A. Arrangement of the text
  1. Breaking the text into lines, verses, stanzas, strophe, etc.
  2. Correspondence of units with musical function
  3. Repeated units (lines, chorus, etc.)
  4. Contrastive units
  5. Derivative/varied units
  6. Roles – who sings what lines/sections?
    1. Significance to the roles?
    2. Shift of roles throughout a text
B. Textual features
  1. Rhythm/syllabication
    1. Correspondence of rhythmic cycles with lines?
    2. Beats per cycle; beats per line
    3. Number of syllables per line or strophe
  2. Verbal devices – metaphor, allegory, metonymy, puns, humor, etc.
  3. Word level analysis
    1. Repetition of words
    2. Use of homonyms
    3. Borrowed/archaic words
  4. Phrase level analysis
    1. Repetition of lines/phrases
    2. Call & response or through-composed?

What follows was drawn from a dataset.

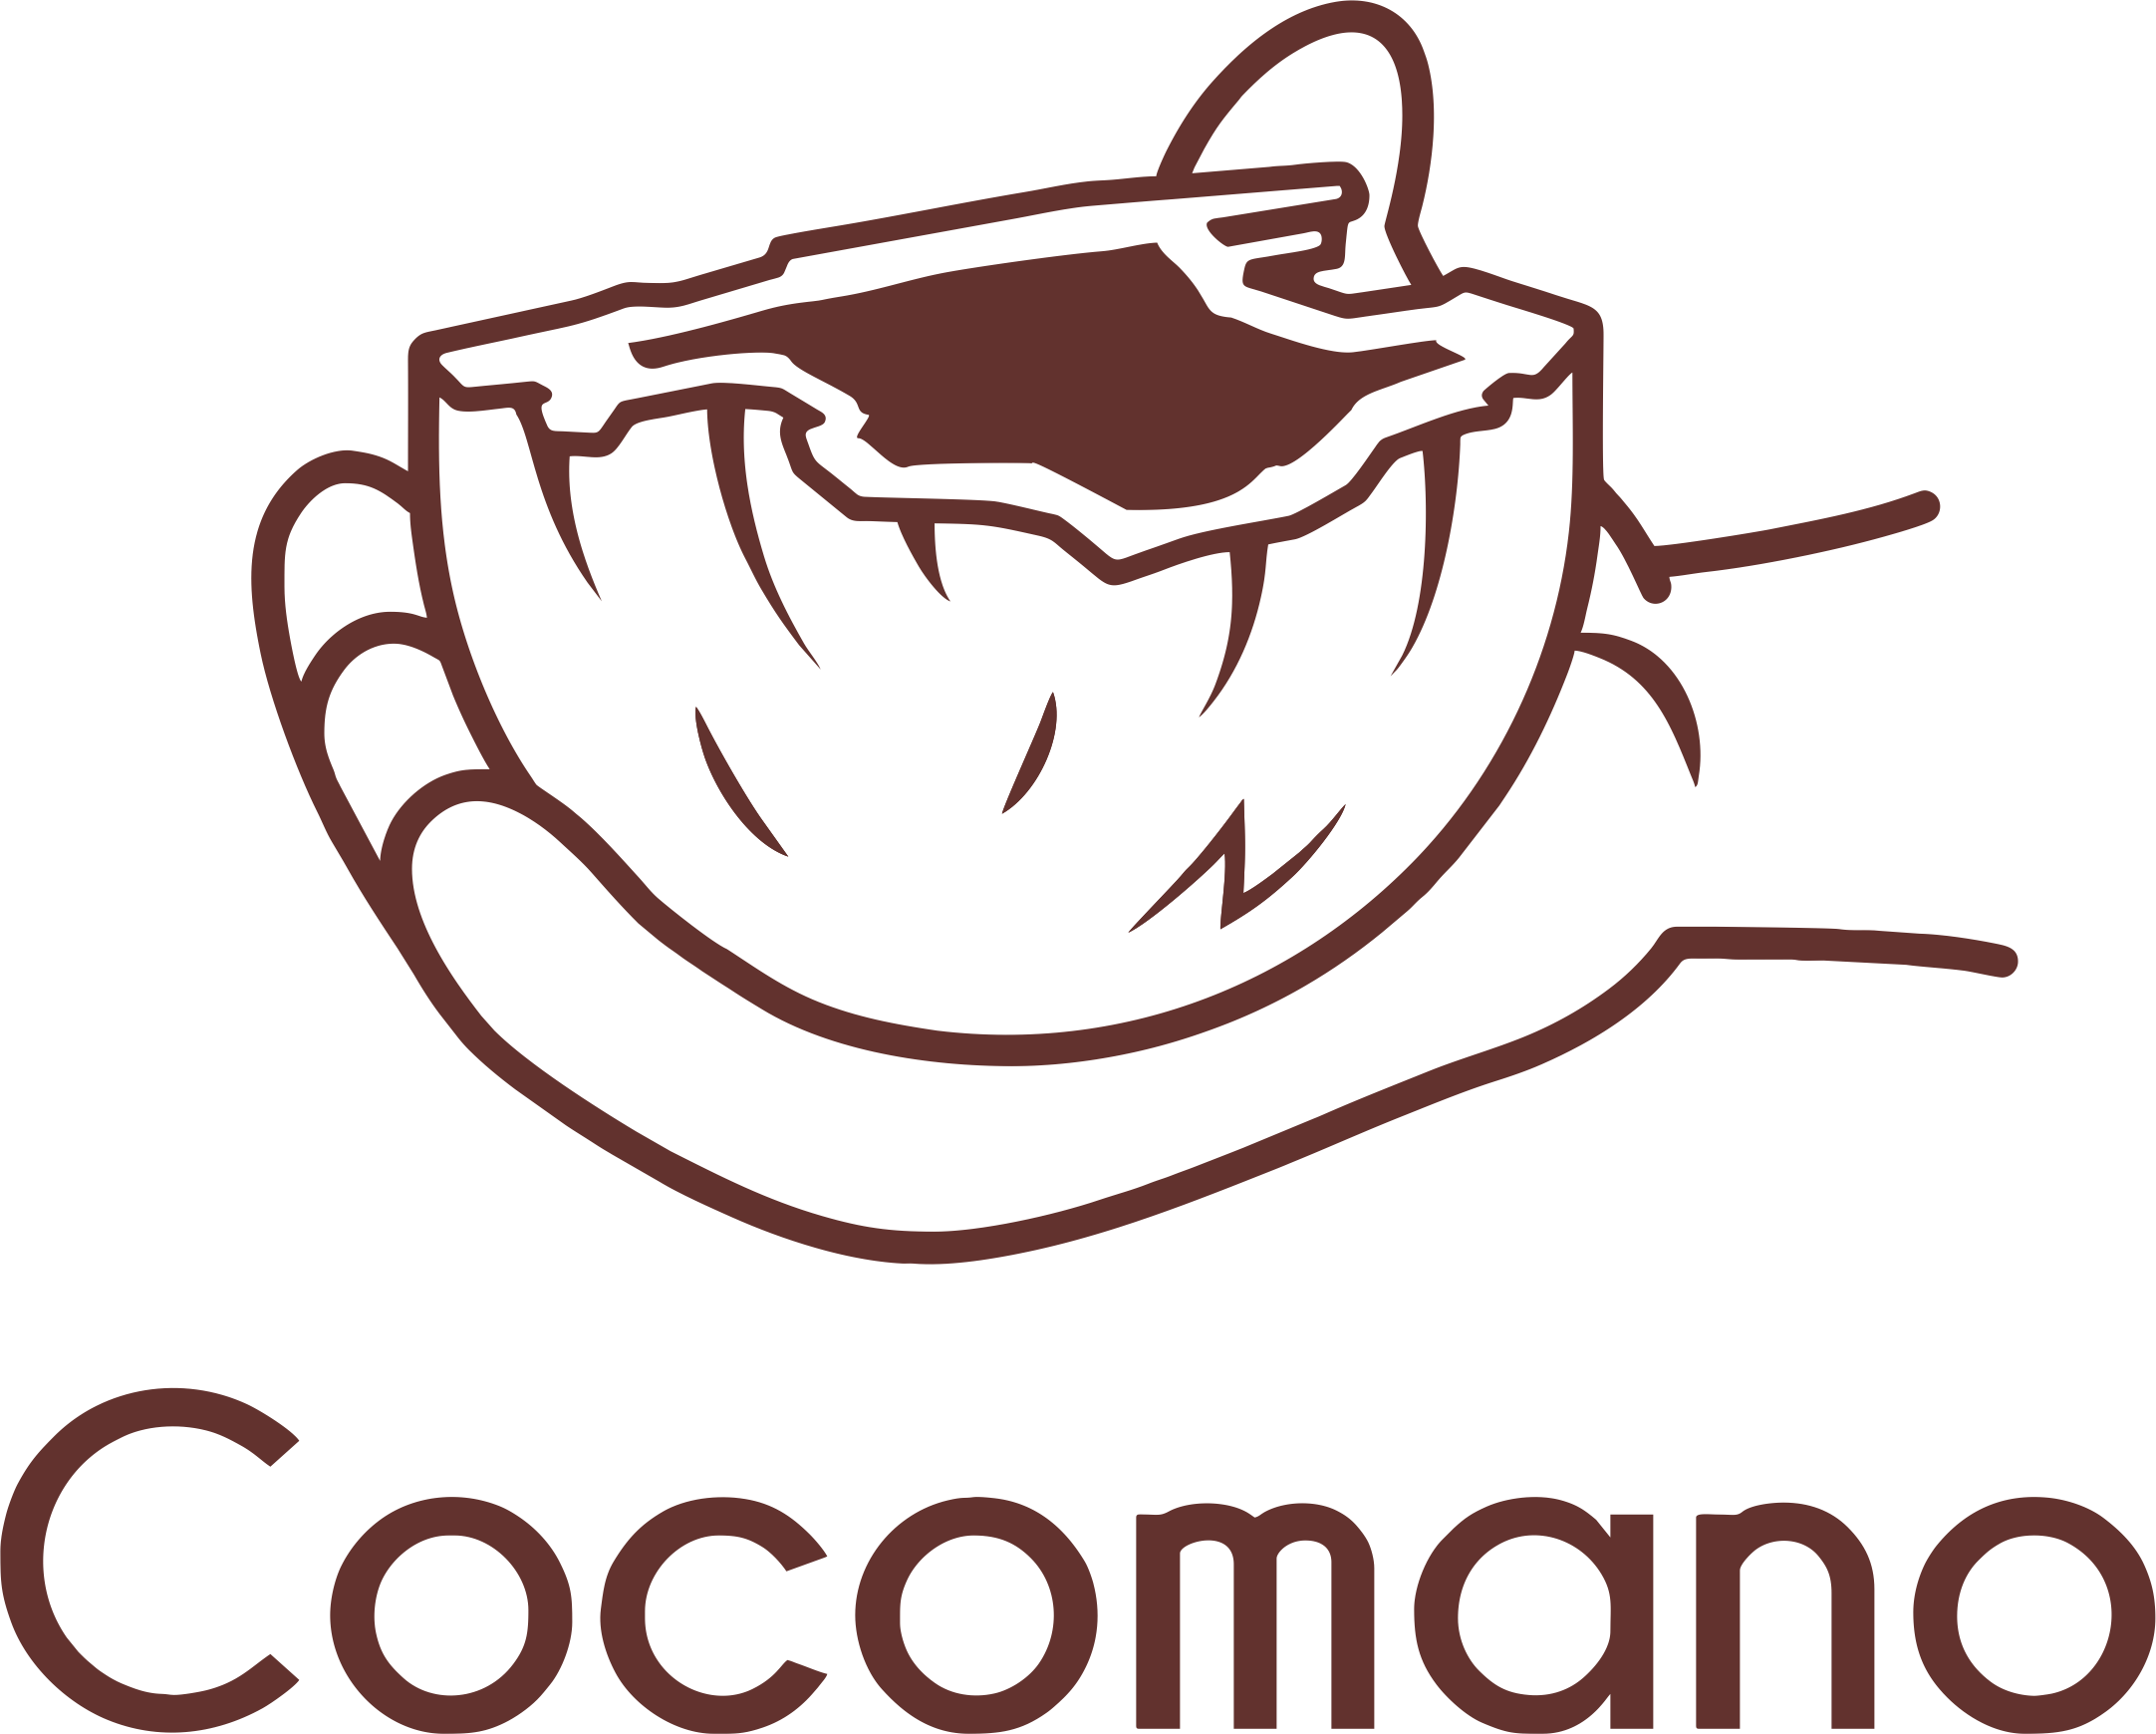 Cocomano

  5. Poetic devices (sound)
    1. Assonance
    2. Rhyme (initial, medial, final)
    3. Vocables
    4. Ideophones
    5. Consonance
    6. Alliteration
    7. Rhythmic speech
  6. Poetic devices (meaning)
    1. Simile
    2. Hyperbole
    3. Metonymy
    4. Personification
    5. Symbols
    6. Rhetorical questions
    7. Borrowed words
    8. Metaphor
    9. Ellipsis
    10. Parallelism
  7. Performance features
    1. Volume
    2. Intensity
    3. Quality
    4. Pitch
C. Other technical issues (from Christoph)
  1. How do they handle person references (name, pronoun, zero-reference) and changes in person references? Why?
  2. General use of repetition and quantity of new information per utterance.
  3. Use of regular vs. special vocabulary (frequency of uncommon words; level of language).